DATA BLOCK:

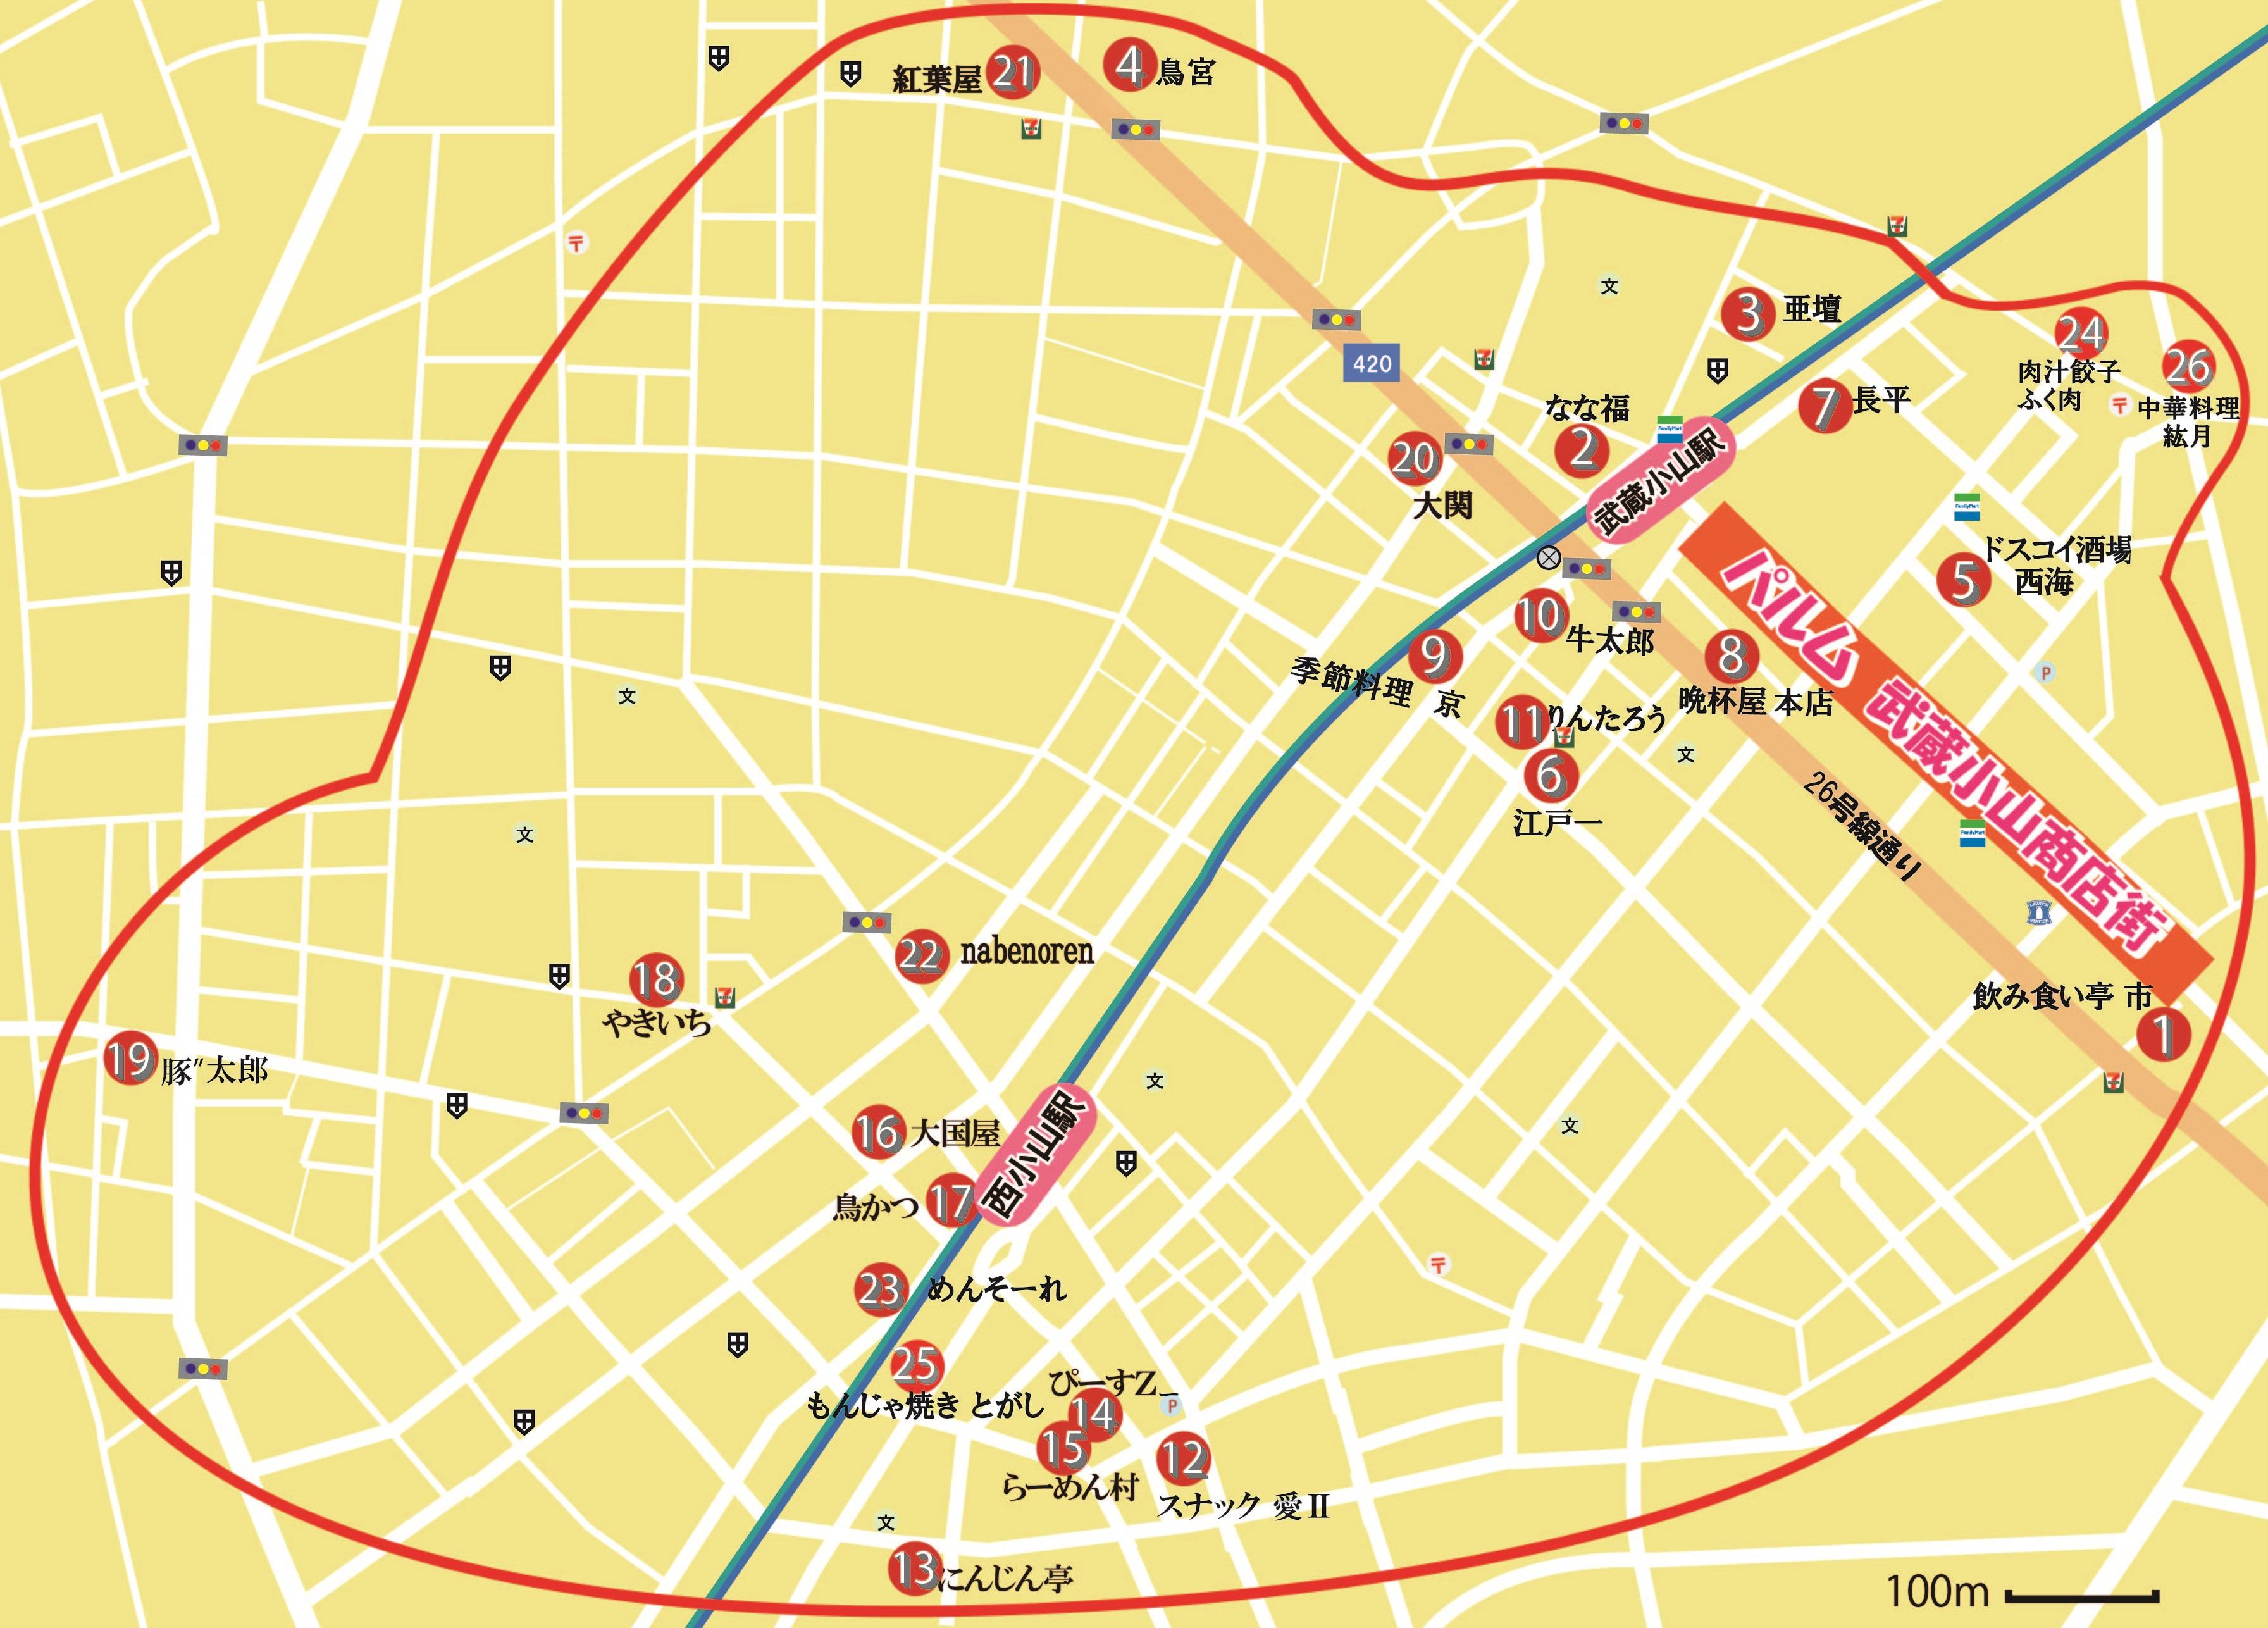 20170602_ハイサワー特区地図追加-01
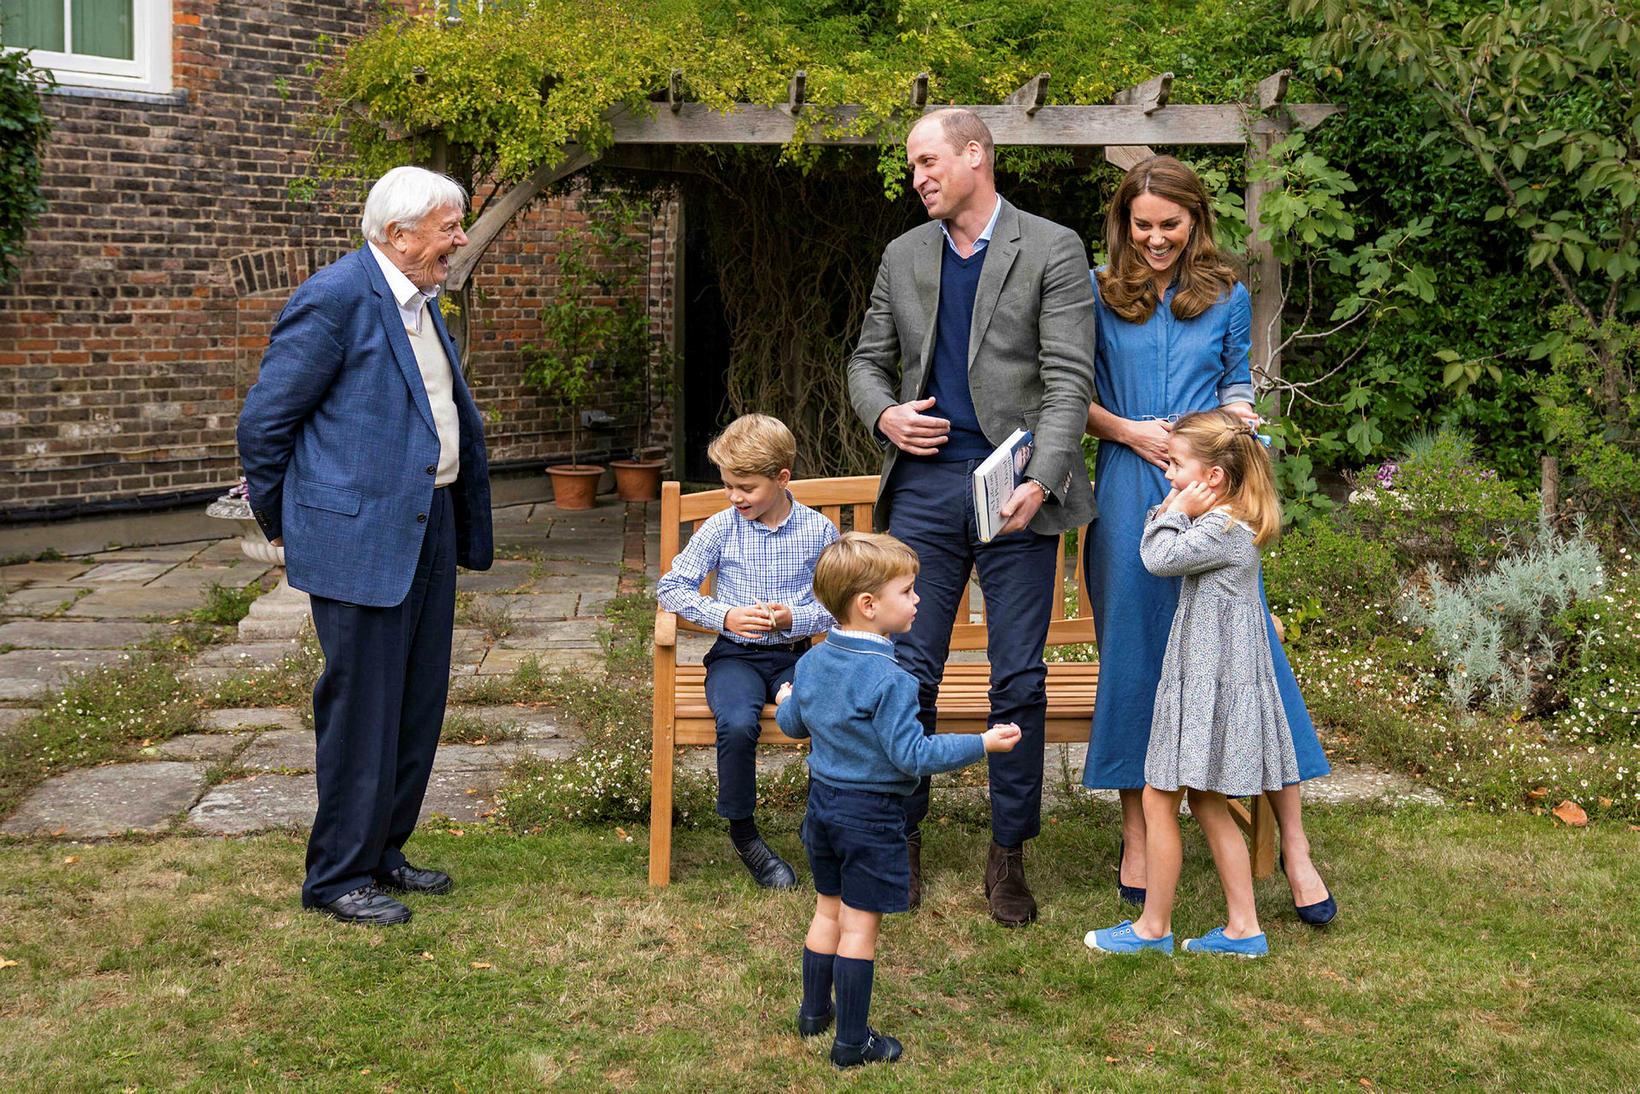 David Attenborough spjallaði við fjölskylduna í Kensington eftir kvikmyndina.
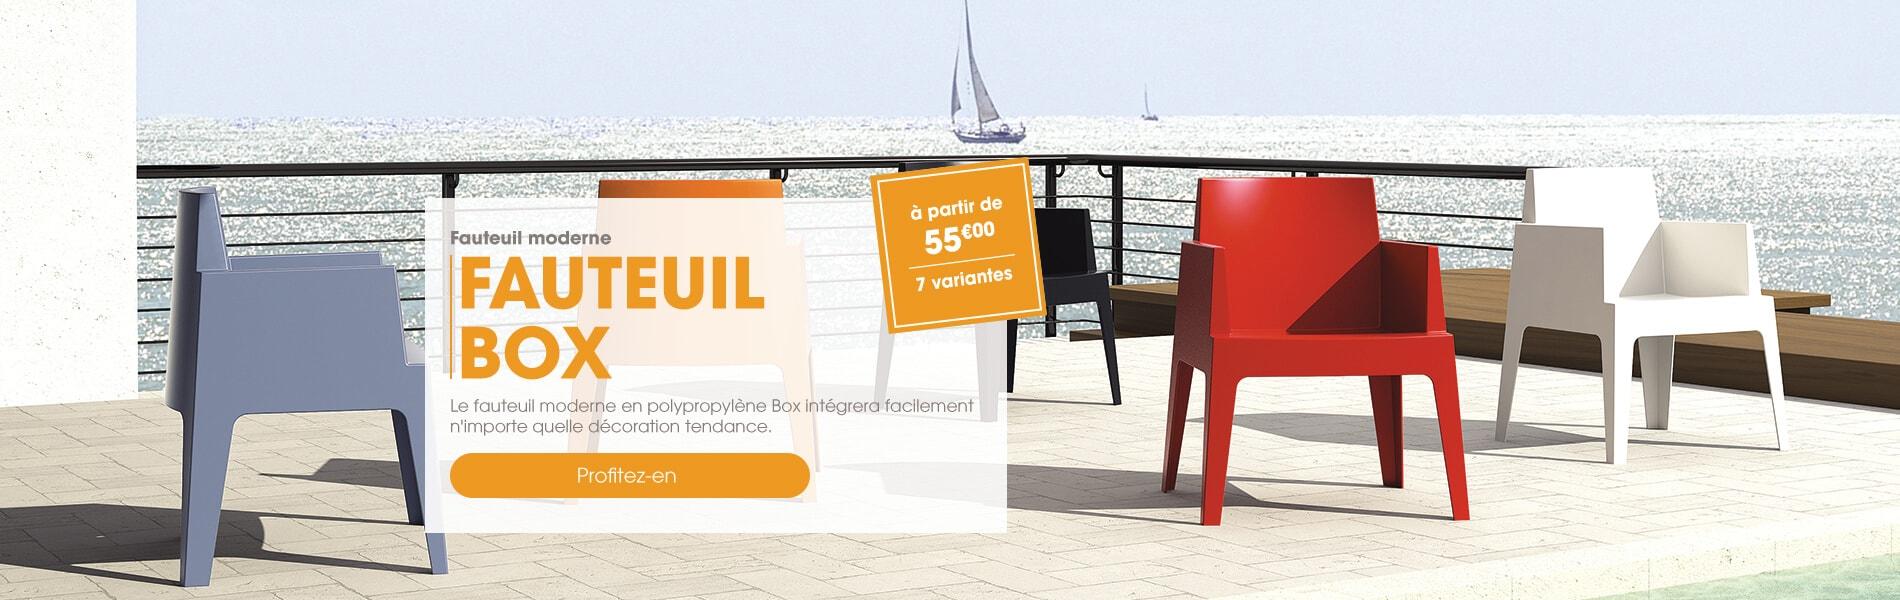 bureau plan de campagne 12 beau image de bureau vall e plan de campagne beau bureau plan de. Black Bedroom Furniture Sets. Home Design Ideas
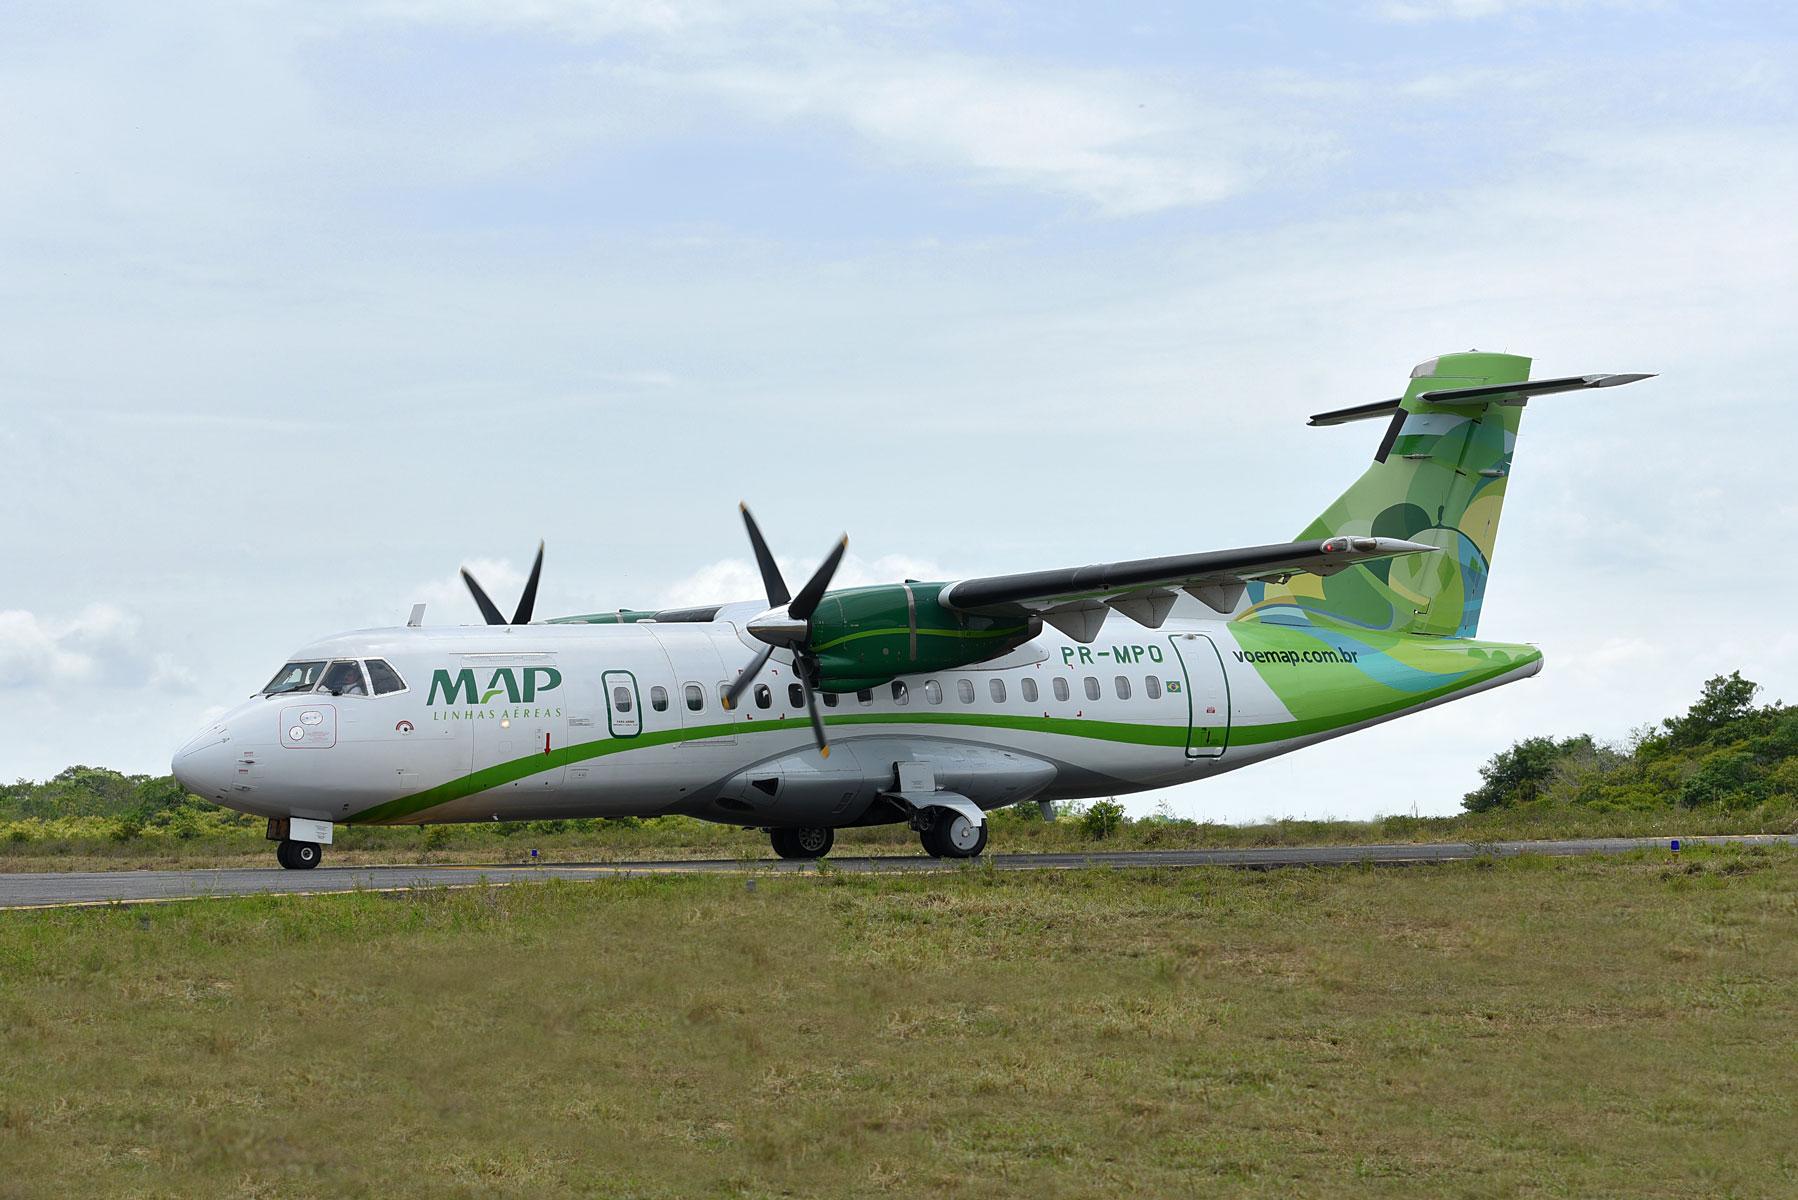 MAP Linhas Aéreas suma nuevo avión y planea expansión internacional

WHAT IS REQUIRED: Take the line containing "David Attenborough spjallaði" through the last line of the material and retype exactly those lines, both ends included, with no pictures.

WRITTEN SOLUTION:
 David Attenborough spjallaði við fjölskylduna í Kensington eftir kvikmyndina.
 bureau plan de campagne 12 beau image de bureau vall e plan de campagne beau bureau plan de. Black Bedroom Furniture Sets. Home Design Ideas
 MAP Linhas Aéreas suma nuevo avión y planea expansión internacional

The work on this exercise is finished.